Expert says issue is not a technology problem: 'It is a work design and people strategy problem'
Most artificial intelligence (AI) projects fail, and it’s mostly due to a lack of employee engagement—not technical issues—says one expert.
Overall, 80 per cent of AI projects fail at the human level, according to data provided by Work Time Reduction.
That’s because organisations “overlook the importance of employee buy-in and structured support,” says Joe O’Connor, CEO.
Citing the EU’s Generative AI Outlook Report, he notes that while 85 per cent of enterprises view AI as a strategic priority, fewer than 20 per cent have redesigned work to support its adoption.
AI: 'people strategy problem'
Only 11 per cent of employees report receiving structured support to use AI tools.
“This gap between ambition and execution is not a technology problem—it is a work design and people strategy problem,” O’Connor says.
He also notes that the main barrier to AI adoption is time, not cost or skills. Organisations that provide protected time for AI learning and experimentation are five times more likely to report successful adoption. However, a LinkedIn study found that 51 per cent of professionals feel that keeping up with AI is like taking on a second job.
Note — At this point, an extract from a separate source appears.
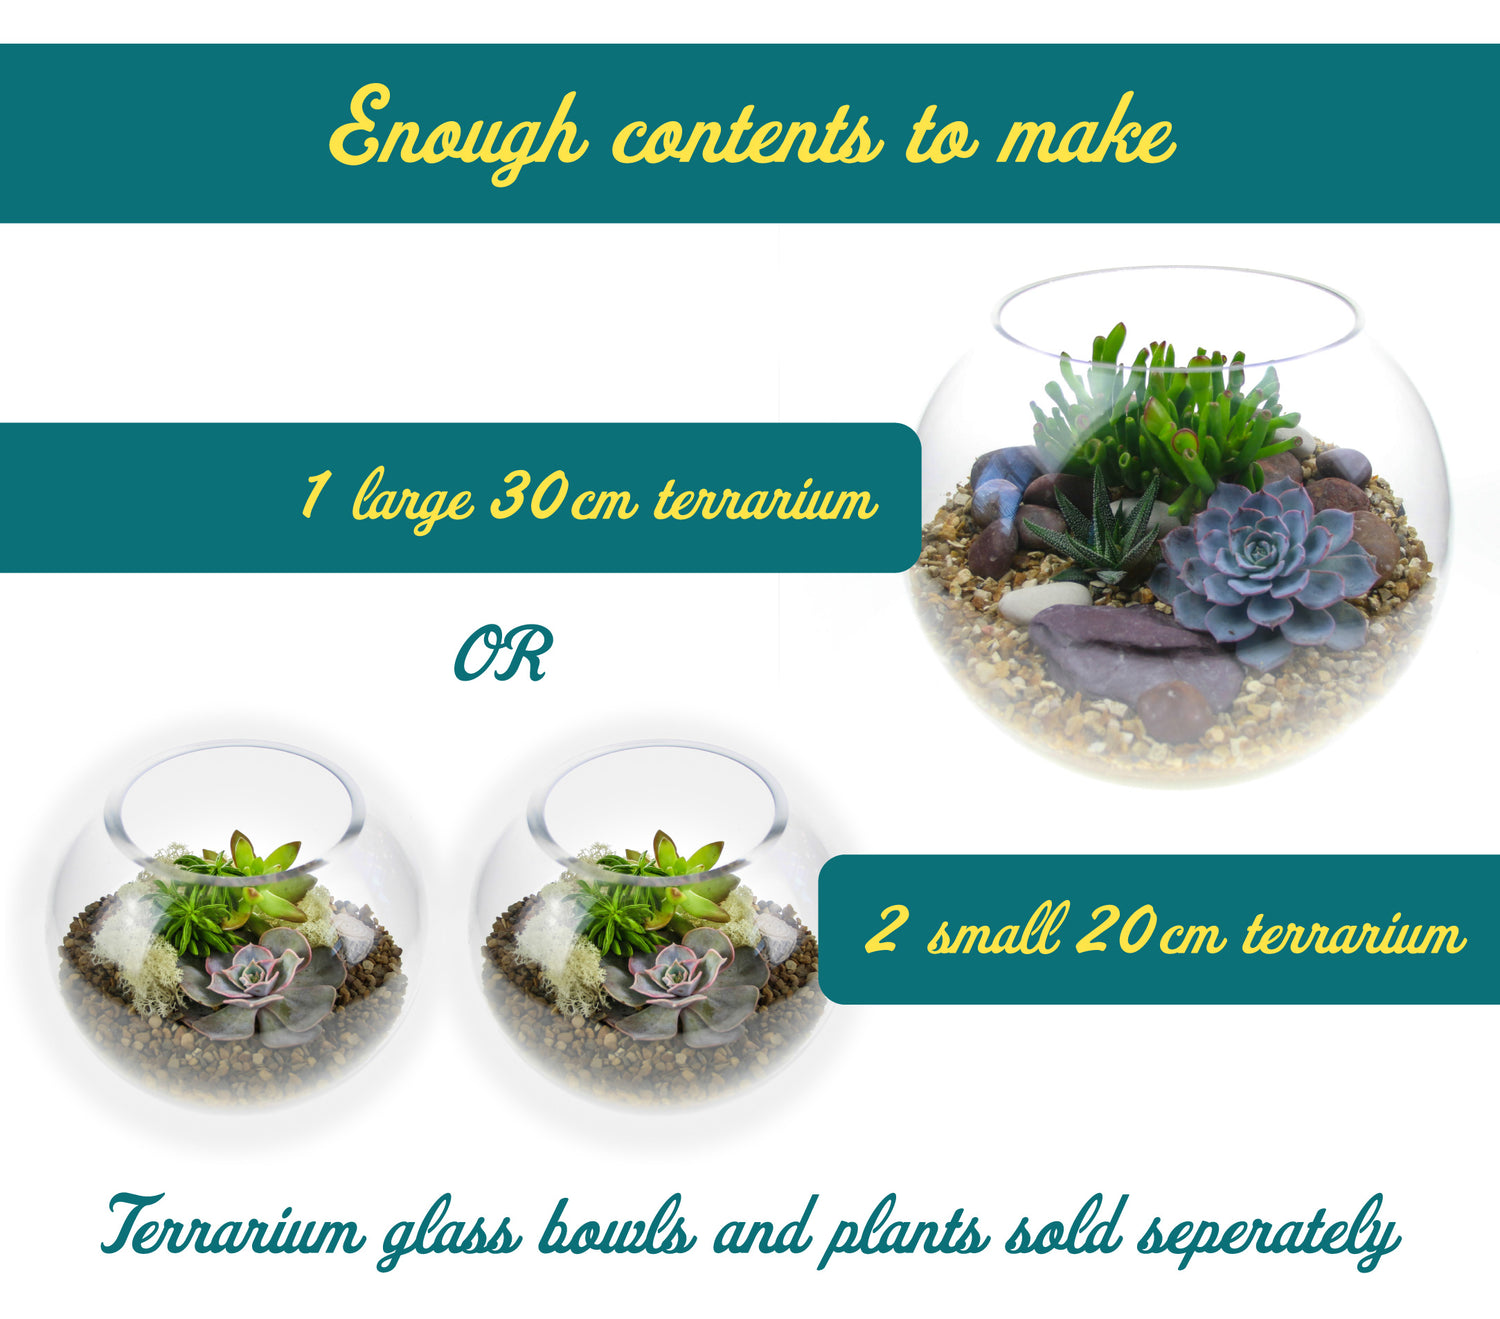 Size guide for terrarium contents

“You cannot build AI capability without first creating capacity,” says O'Connor. “Asking people to accelerate AI adoption off the side of an overflowing desk is like driving a Formula 1 car in rush-hour traffic.”
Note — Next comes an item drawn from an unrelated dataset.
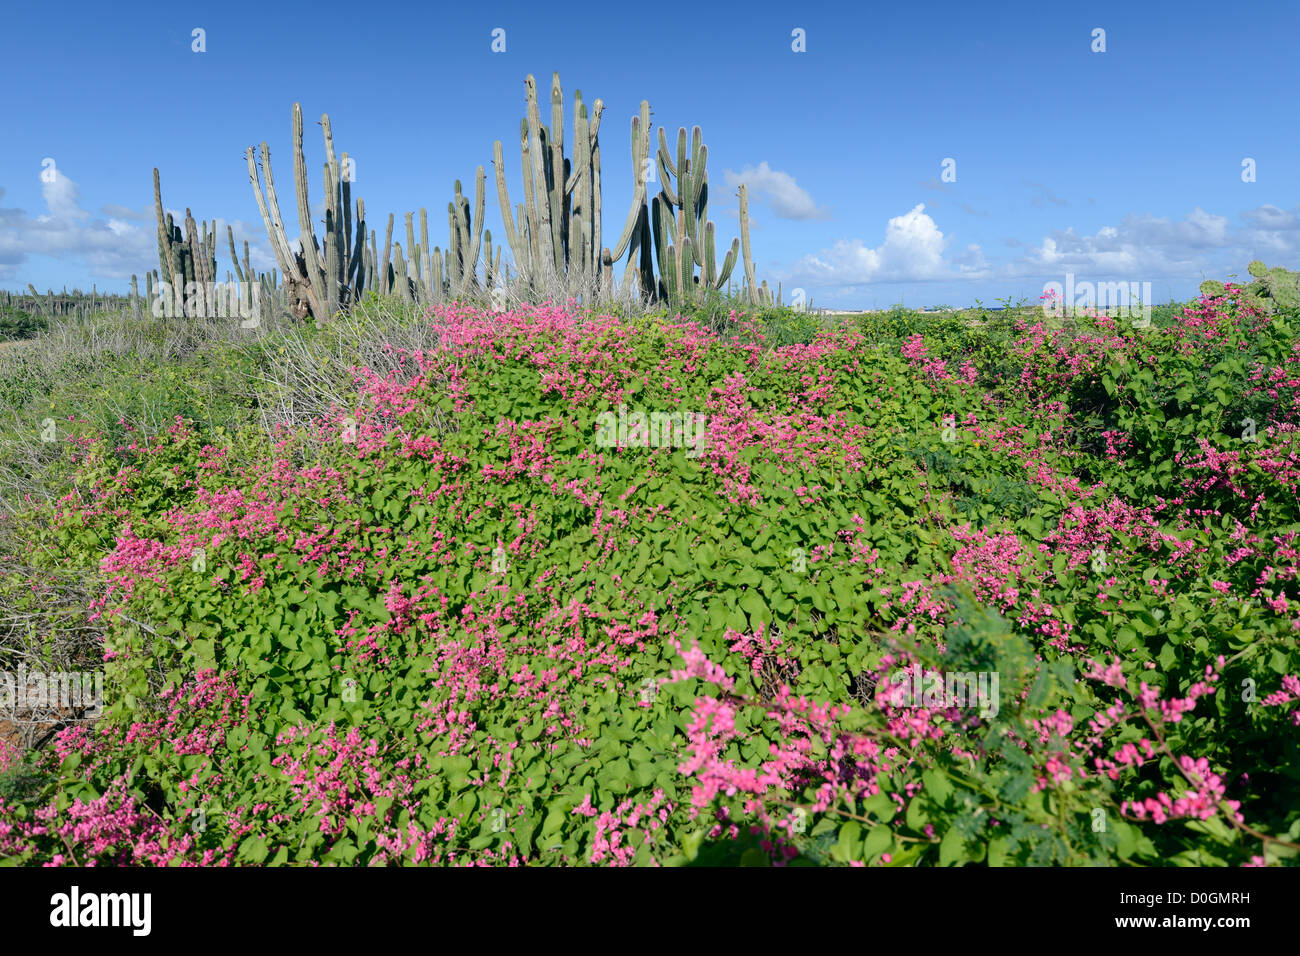 Paysage typique de Bonaire, Antilles néerlandaises, dans la mer des Caraïbes Banque D'Images

He also references an Abacus survey, which found that only 17 per cent of Canadians believe that “unleashing the full potential of AI” would benefit them personally, while 31 per cent believe it would be detrimental and the rest are uncertain or indifferent.
Canada’s workforce trails much of the world in both confidence and literacy related to AI systems, according to a previous KPMG report.
AI sabotage, shadow AI on the rise
O’Connor also highlights two emerging trends in the workplace: AI “sabotage” and “shadow” AI. He notes that research from Writer shows that 31 per cent of employees—rising to 41 per cent among millennials and gen Z—are actively sabotaging their company’s AI strategy by refusing to engage with AI tools. Meanwhile, a Kyndryl survey found that 45 per cent of U.S. CEOs believe most employees are resistant or even hostile to AI, he says.
At the same time, shadow AI is becoming more common, with employees secretly using unsanctioned tools without oversight or support. This creates security and compliance risks and prevents the development of shared best practices, says O’Connor.
Both trends stem from fear, mistrust, and a lack of agency, he says.
“For much of the workforce, their recent experience of supposed productivity-enhancing tools has been a bait-and-switch: more expectations and workload coupled with more clutter and distraction. They've been told technology would make their lives easier, and instead it made their phones buzz at 10 p.m. Without addressing this fundamental breach of trust and creating genuine shared gains, AI initiatives will continue to fail at the human level.”
The changing dynamic of efficiency
O’Connor believes that the future of work isn’t efficiency, but effectiveness: “It’s not that efficiency is irrelevant, but it’s no longer the human differentiator."
He explains that digital labour will always beat human labour on speed and volume.
“If agentic AI can infinitely scale an efficient, repeatable process, exerting immense efforts to squeeze an extra 1–2 percentage points of efficiency out of the human workforce becomes a pointless endeavour. In an AI-augmented world, human value creation has fundamentally shifted, as competing with AI on efficiency is a dead end.”
That means the workforce must focus on being effective, says O’Connor.
“The future of human performance lies in effectiveness—doing fewer, higher-impact things better, while AI handles the task volume.
“That means doubling down on the skills AI cannot replicate: creativity and innovation, strategic judgement with imperfect information, emotional intelligence and relationship building, critical thinking and analysis, and adaptability and learning agility. And these same skills are best leveraged by optimising the energy, recovery, motivation and wellbeing of the workforce.”
Most employers are still far from benefitting from the full potential of AI, according to a previous IBM report.